石川県立図書館/大型絵図・石川県史

石川県史 第二編

第五章 加賀藩治終末期

第三節 錢屋五兵衞

飜つて天下の豪富として目せられたる錢屋の資産が、當時幾何の額に上りたりやを考ふるに、藩政時代に信ぜられたる説によれば、總計約三百萬兩を下らざりしなるべく、而してその海運に使用したる船舶は千石積以上のもの十三艘、以下のもの百餘艘なりしといはる。
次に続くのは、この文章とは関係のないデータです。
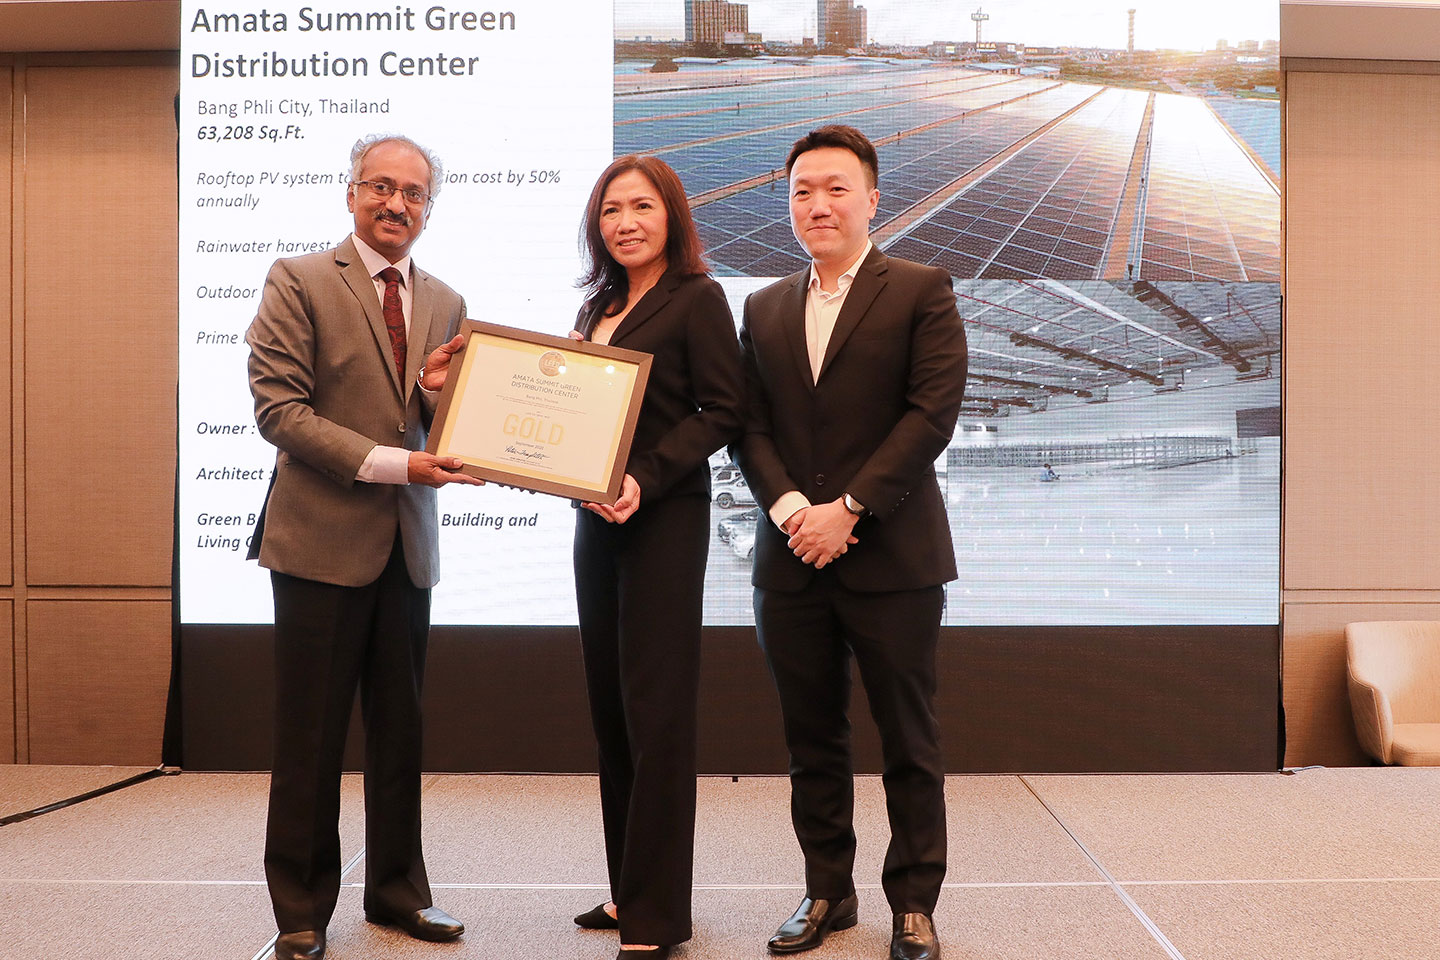 AMATA Summit Green Distribution
Center has achieved LEED Gold certification

若しこれを事實に近しとすれば、嘉永年中に於ける米一石の價は五十匁にして、五十匁は金三歩一朱餘に相當せしが故に、假に一石三十圓の相場として今の貨幣に換算せば、三百萬兩は即ち一億一千萬圓を超えたりとすべし。錢屋一族の刑せらるゝや藩吏その家に臨檢し、その資産物品を押收して競賣に附し、儲藏金を併せて官庫に納め、債權を有するものは皆證劵簿録に據りて之を回收せり。闕所といふもの即ち是なり。而して此の如き場合に在りては、家人等豫め財物を隱匿するを常とせしを以て、錢屋に於いても素より同一の處置を執りしなるべしと考へらるゝに拘らず、尚御算用場が沒收し得たる金物資の非常に多額なりしことは、これを現に前田家に存する文書によりて知ることを得べし。但し太平年表等坊間流布の諸書に錢屋の財産記載したるは、想像にあらずんば捏造にして一も典據の確實なるものあらざるなり。